INSTRUCTIONS TO FOLLOW
Would you transcribe the whole listing exactly, minus its pictures?

RAW DATA
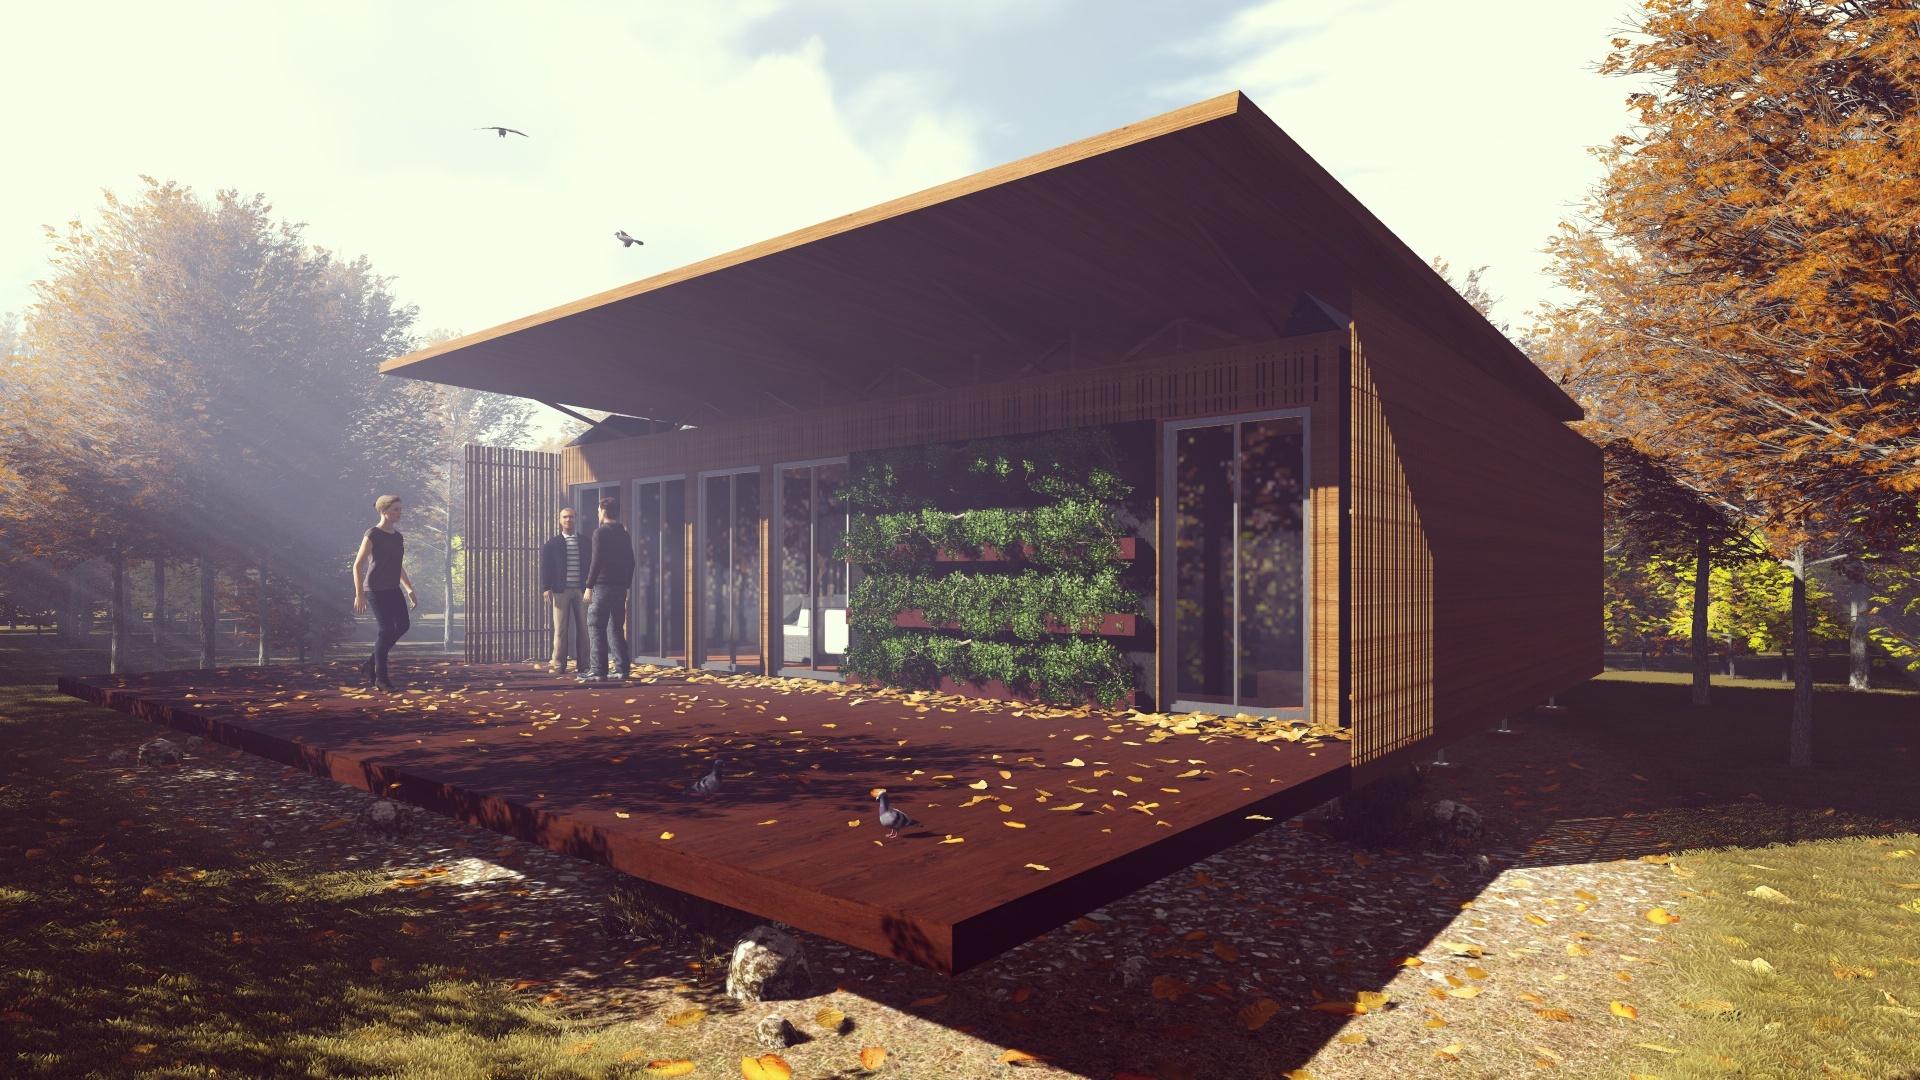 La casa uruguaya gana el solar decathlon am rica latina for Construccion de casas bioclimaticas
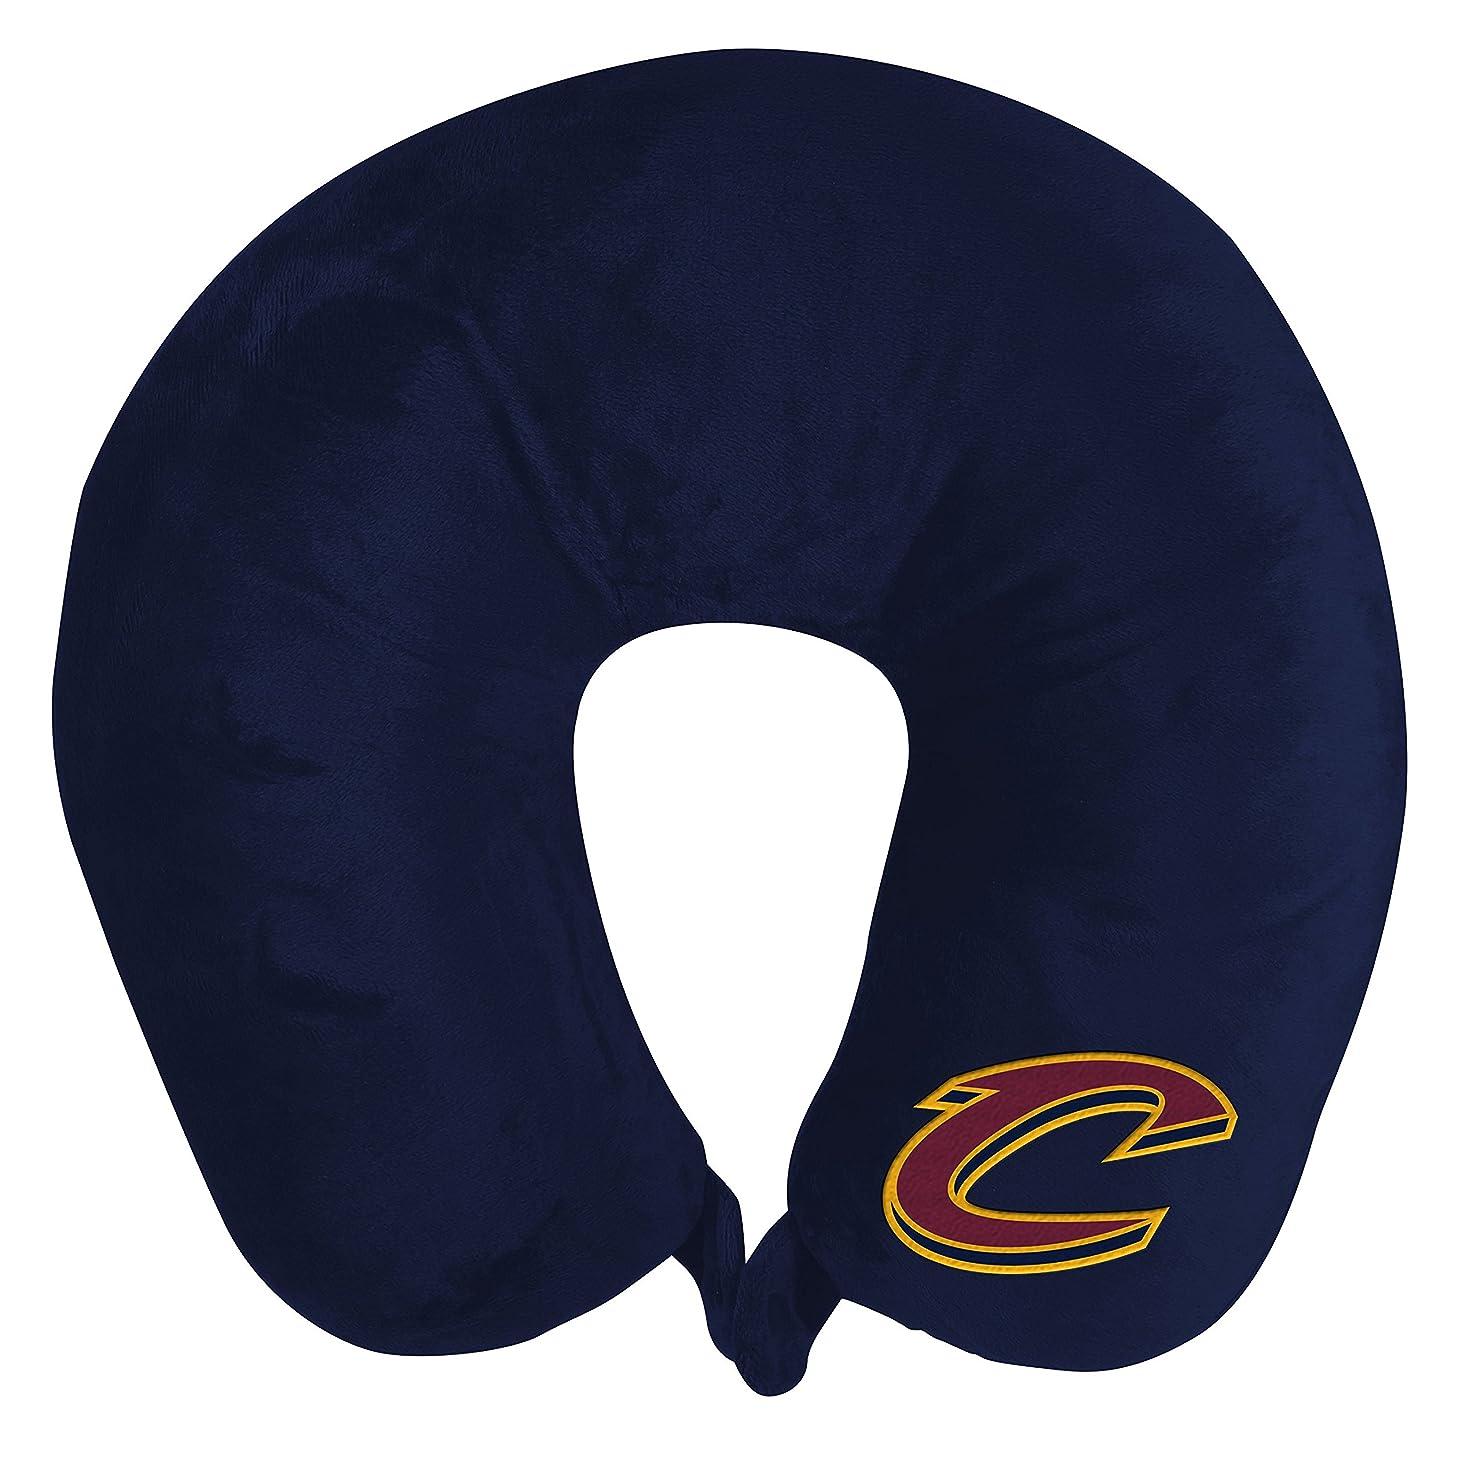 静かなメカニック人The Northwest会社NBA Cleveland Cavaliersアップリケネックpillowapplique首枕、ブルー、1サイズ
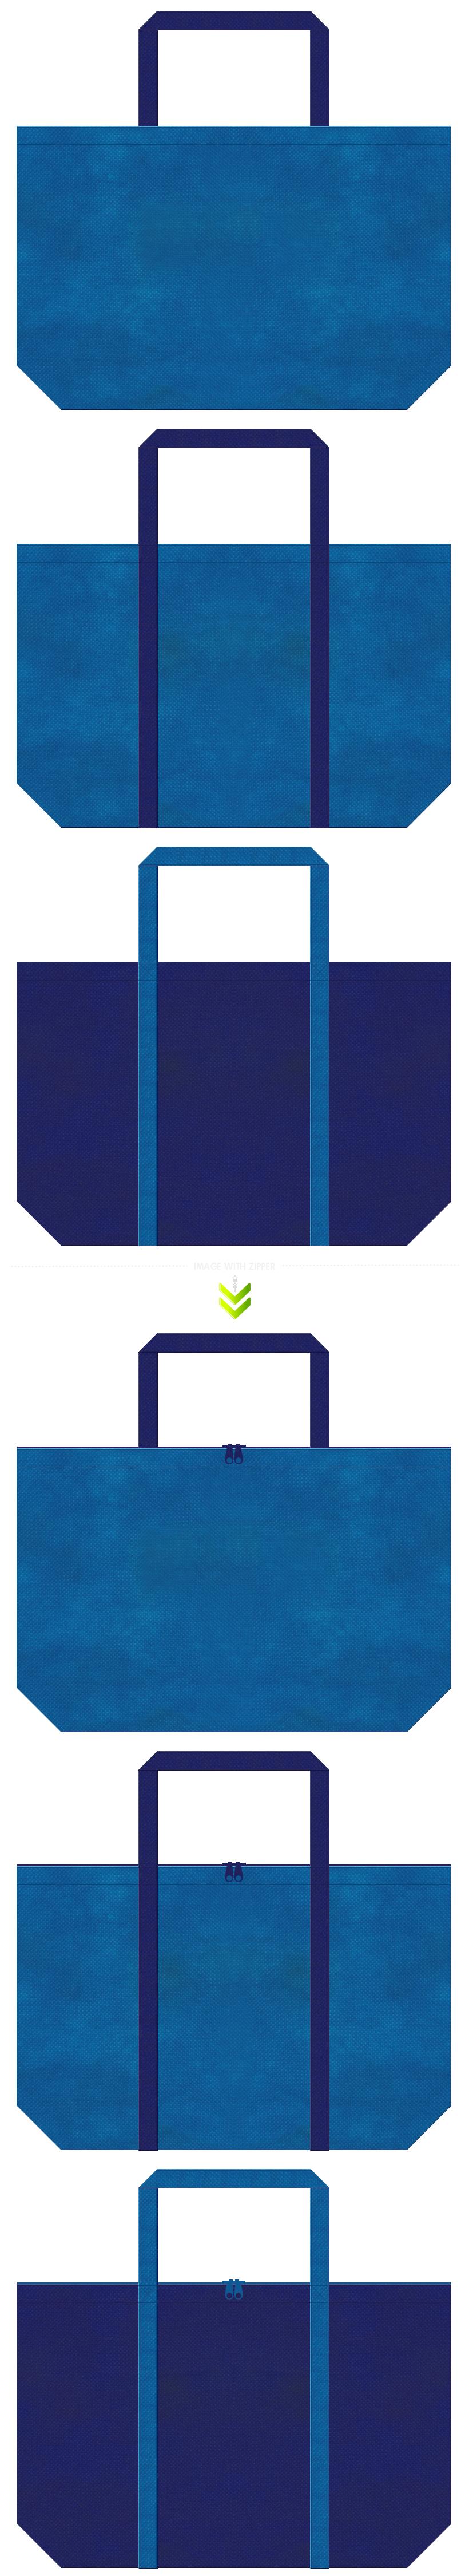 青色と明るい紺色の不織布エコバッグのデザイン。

SOLUTION TO THE EXERCISE
 La casa uruguaya gana el solar decathlon am rica latina for Construccion de casas bioclimaticas
 静かなメカニック人The Northwest会社NBA Cleveland Cavaliersアップリケネックpillowapplique首枕、ブルー、1サイズ
 青色と明るい紺色の不織布エコバッグのデザイン。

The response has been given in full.